Cell Signaling Research
Vermont Lung Center
Janssen-Heininger Bio
The Janssen-Heininger laboratory is interested in the role of lung epithelial cells in asthma and related lung disorders. Asthma is a disease that affects millions of Americans and is the leading cause of children missing school. We study the molecular signaling events that dictate survival and death of the lung epithelium, since protracted turnover of lung epithelium is a critical factor in regulating lung remodeling. The oxidant, nitrogen dioxide is formed in lungs from asthmatics and believed to contribute to inflammation and airway injury. The laboratory addresses the mechanisms by which nitrogen dioxide evokes damages lung epithelium and aggravates of inflammation. Areas of investigation involve the transcription factor, nuclear factor kappa B, the c-Jun-N-terminal kinase signaling pathway, and the death receptor, Fas. We have generated a transgenic mouse model and will design a targeted knock out animal to address the importance of these proteins in the disease pathology.

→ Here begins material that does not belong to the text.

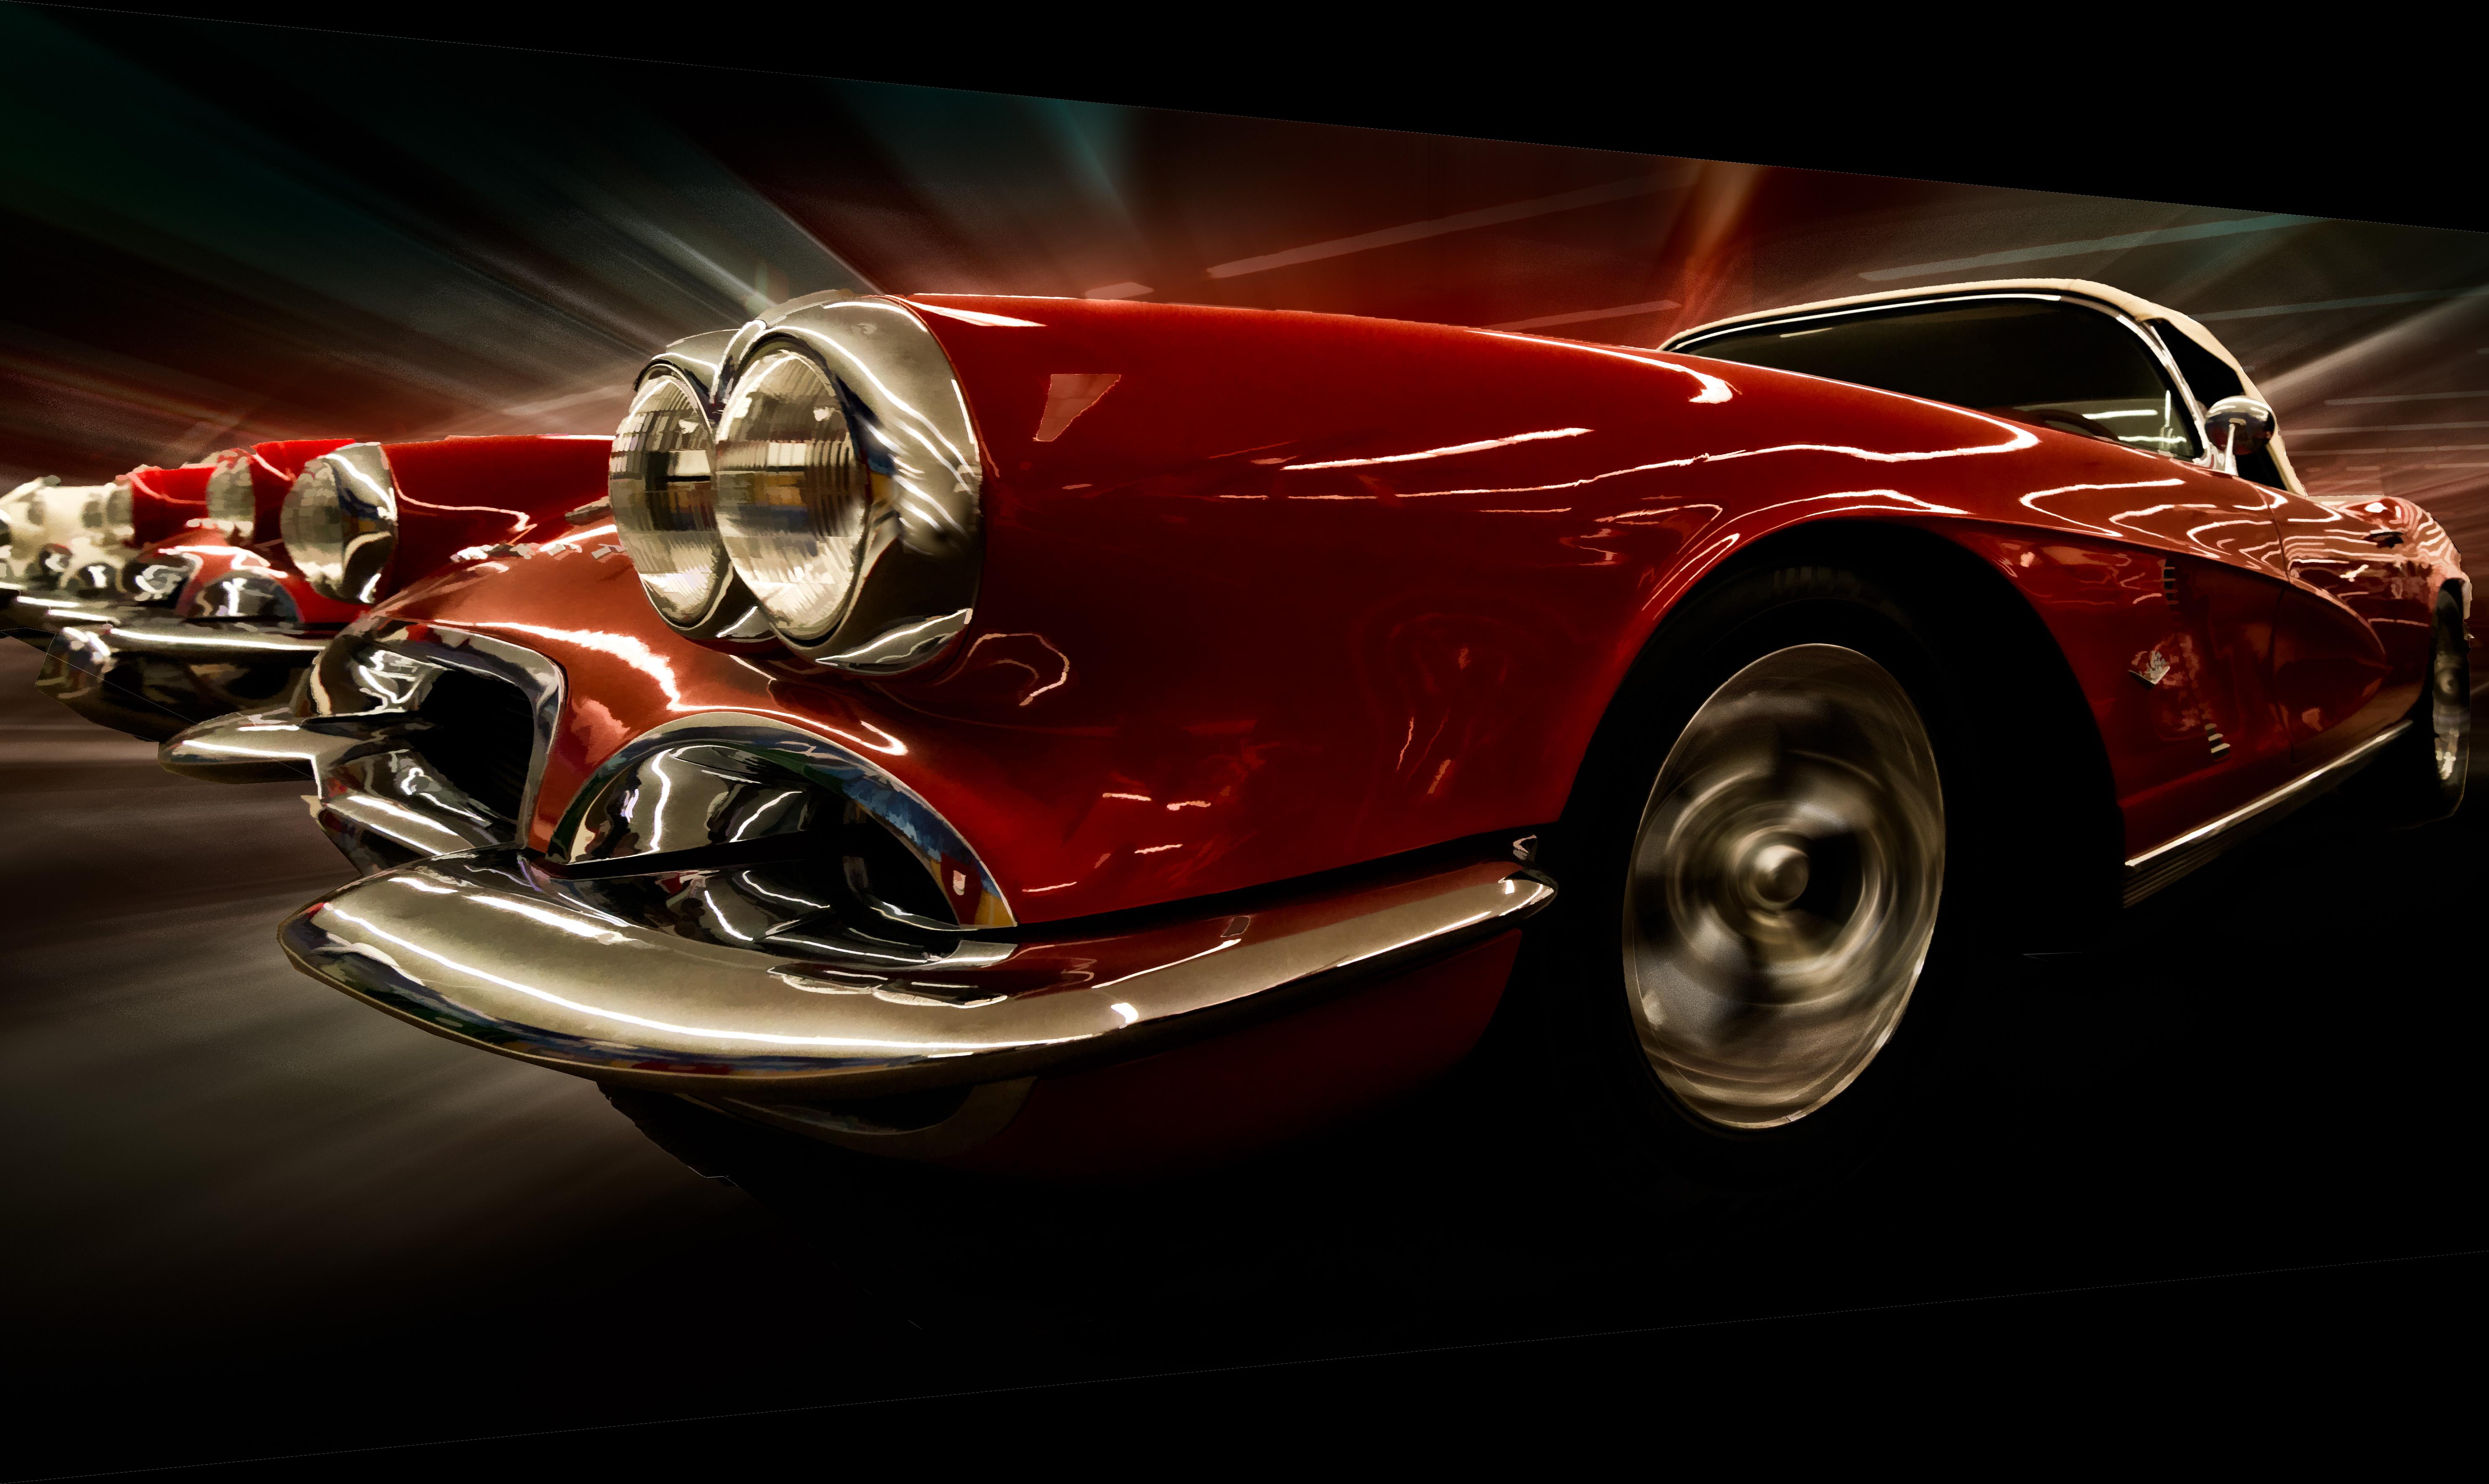 Sport Wallpaper Vintage: Wallpaper : Red, Sports Car, Vintage Car, Classic Car
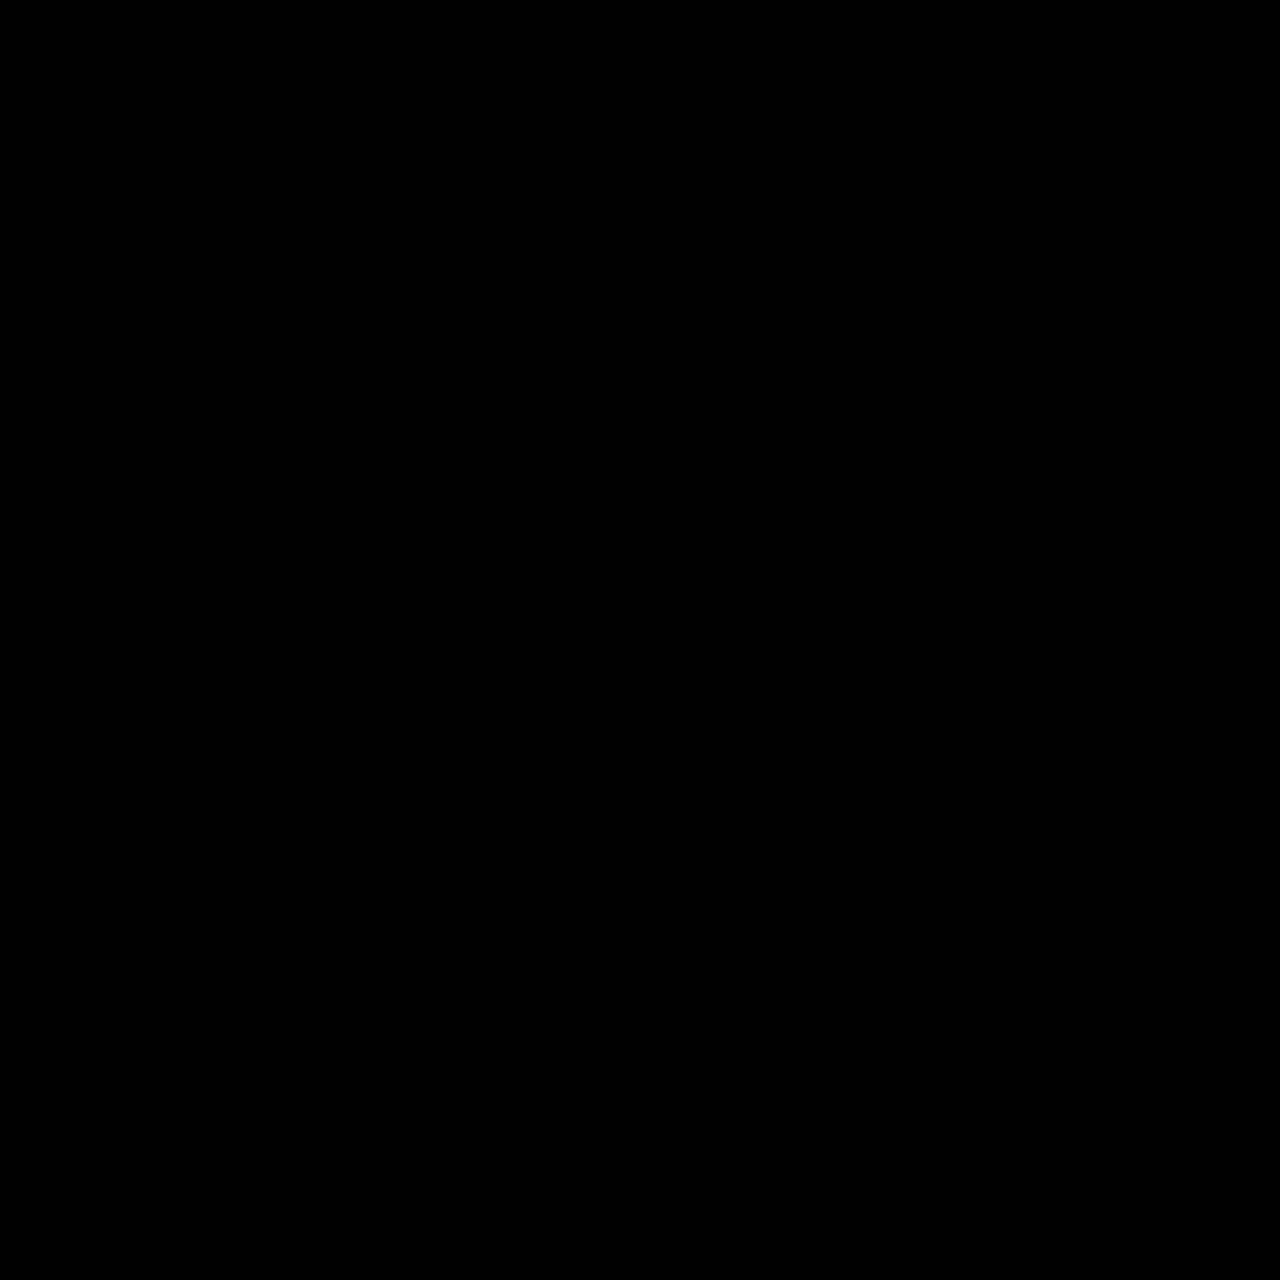 Chinesesigns Of The Zodiaczodiac Signastrologytiger Free Photo

The separate lines of research are described in further detail below:
Molecular mechanisms of NO2-induced cell death:
The first line of research focuses on nitrogen dioxide, or NO2. NO2 is an important airpollutant that aggravates asthma in children upon inhalation. More important is the fact that NO2 can also be formed within the lung as a result of complicated chemistry that involve products of nitric oxide. At this time, the relevance of endogenously formed NO2 in damage associated with inflammation as well as pulmonary remodeling is completely unknown. We therefore are elucidating mechanisms by which NO2 damages cells. We know now that migrating or dividing cells are exquisitely sensitive to NO2 whereas quiescent cells are resistant. We know that the NO2 gas has to react directly with the cells to cause cell death and that mitogen activated protein kinases and death receptors are involved. We are currently investigating patterns of injury in a mouse model. This provides avenues for the use of transgenic and knock-out models, enabling us to causally link signaling pathways to lung injury.
Allergic airway disease in the mouse:
The second line of investigation focuses on a model of allergic airway disease in mice. This model which utilizes immunization and challenge of the lung with an antigen evokes a response in the mouse that resembles asthma in humans. We would like to understand the importance of the bronchiolar epithelium, the first cell to contact inhaled matter, in this model of lung disease. We believe that the activation of NF-kB in this cell type is crucial to the disease. Using a transgenic mouse model, we are testing this hypothesis. We are also elucidating where in the lung NF-kB is activated and what NF-kB regulated genes play a role. Coupling lasermicrodissection with microarray analysis provide exciting avenues to address these crucial questions.
Nitrogen dioxide and the aggravation of inflammation:
The third line of investigation seeks to determine how products of inflammation, such as reactive oxygen and nitrogen species, or cationic proteins affect signaling events that are important ultimately in remodeling of the lung such as narrowing of the airways, that makes breathing difficult in patients with asthma. This is a challenging project since these factors interact with cells in very unique ways that do not involve classic surface receptors directly. For example, we are determining how oxidants such as NO2 prolong inflammatory signaling and whether this involves NF-kB. Cationic proteins are unique molecules are required for asthma in the mouse. The interaction with epithelium appears to be crucial but the signaling events that are activated are obscure.
Inflammation and muscle wasting:
The fourth line of investigation currently ongoing in the laboratory is aimed at elucidating mechanisms that are associated with muscle wasting. We have determined that tumor necrosis factor prevents myogenic differentiation of myogenic precursor cells and that NF-kB and oxidative stress are causally linked to this event. We are currently performing experiments to determine whether this also occurs in an mouse model. Experiments are ongoing to determine the altered regulation of myogenic transcription factors during inflammation. This project is performed in collaboration with the Department of Pulmonology at Maastricht University in Maastricht, the Netherlands.